In each expansion circuit 20 of the present embodiment, each expansion key 22 corresponds to k (2 ≦ k ≦ n) IO ports 11. And k is at least greater than two. That is, each expansion key 22 corresponds to at least two IO ports 11, and one expansion key 22 may correspond to at most all of the n IO ports 11.

It is understood that the number of IO ports 11 connected to the input terminal of the diode group 21 in each expansion circuit 20 may be the same or different, and thus the number of IO ports 11 corresponding to the expansion key 22 in each expansion circuit 20 may be the same or different.

When the number of IO ports 11 connected to the input terminals of the diode group 21 in each expansion circuit 20 is the same, the IO ports 11 corresponding to each expansion circuit 20 may be combined in various ways. For example, when the number of the IO ports 11 is 4, the IO ports 11 include GPIO-1, GPIO-2, GPIO-3, GPIO-4. When the input end of the diode group 21 comprises two input ends, the input ends of the diode group 21 can be correspondingly electrically connected with the GPIO-1 and the GPIO-2; (GPIO-1, GPIO-3); (GPIO-2, GPIO-3); (GPIO-1, GPIO-4); (GPIO-2, GPIO-4); (GPIO-3, GPIO-4)6 combinations of IO ports 11. Therefore, when the input terminals of the diode group 21 include two input terminals, the number of the extension circuits 20 and the extension keys 22 is 6 at most.

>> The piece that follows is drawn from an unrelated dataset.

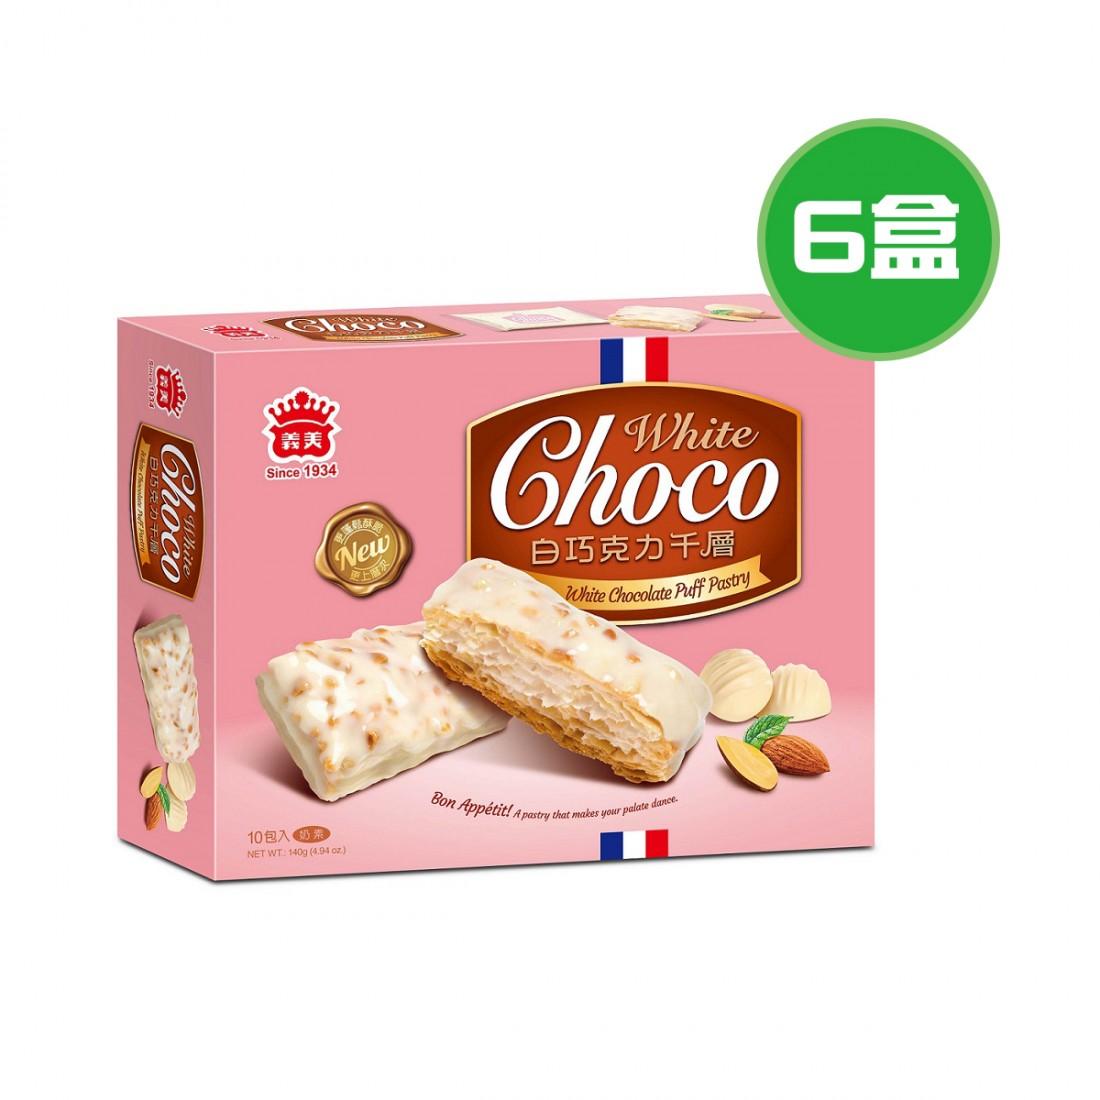 美國安格斯黑牛翼板火鍋肉片 Choice特選級 20盒(200g/盒)

And the number of IO ports 11 to which the input terminals of the diode group 21 in each of the expansion circuits 20 are connected may also be different. For example, on the basis that the input terminal of the diode group 21 includes two input terminals, the input terminal of the diode group 21 in the expansion circuit 20 may further include three and more input terminals. The expansion keys 22 in the expansion circuit 20 correspond to three and more inputs. When the diode group 21 in each expansion circuit 20 includes all the input terminals of 2 to 4, the number of the expansion circuits 20 and the expansion keys 22 is 2 at this time⁴-4-1 ═ 11.

In other embodiments, when there are 3 IO ports, the number b of the expansion keys 22 satisfies the following condition: b is more than or equal to 1 and less than or equal to 2³-3-1; i.e. the number of expansion keys 22 is at most 4. When there are 5 IO ports, the number b of the expansion keys 22 satisfies the following condition: b is more than or equal to 1 and less than or equal to 2⁵-5-1; i.e. the maximum number of expansion keys 2226. When there are 6 IO ports, the number b of the expansion keys 22 satisfies the following condition: b is more than or equal to 1 and less than or equal to 2⁶-6-1; i.e. the number of expansion keys 22 is at most 57.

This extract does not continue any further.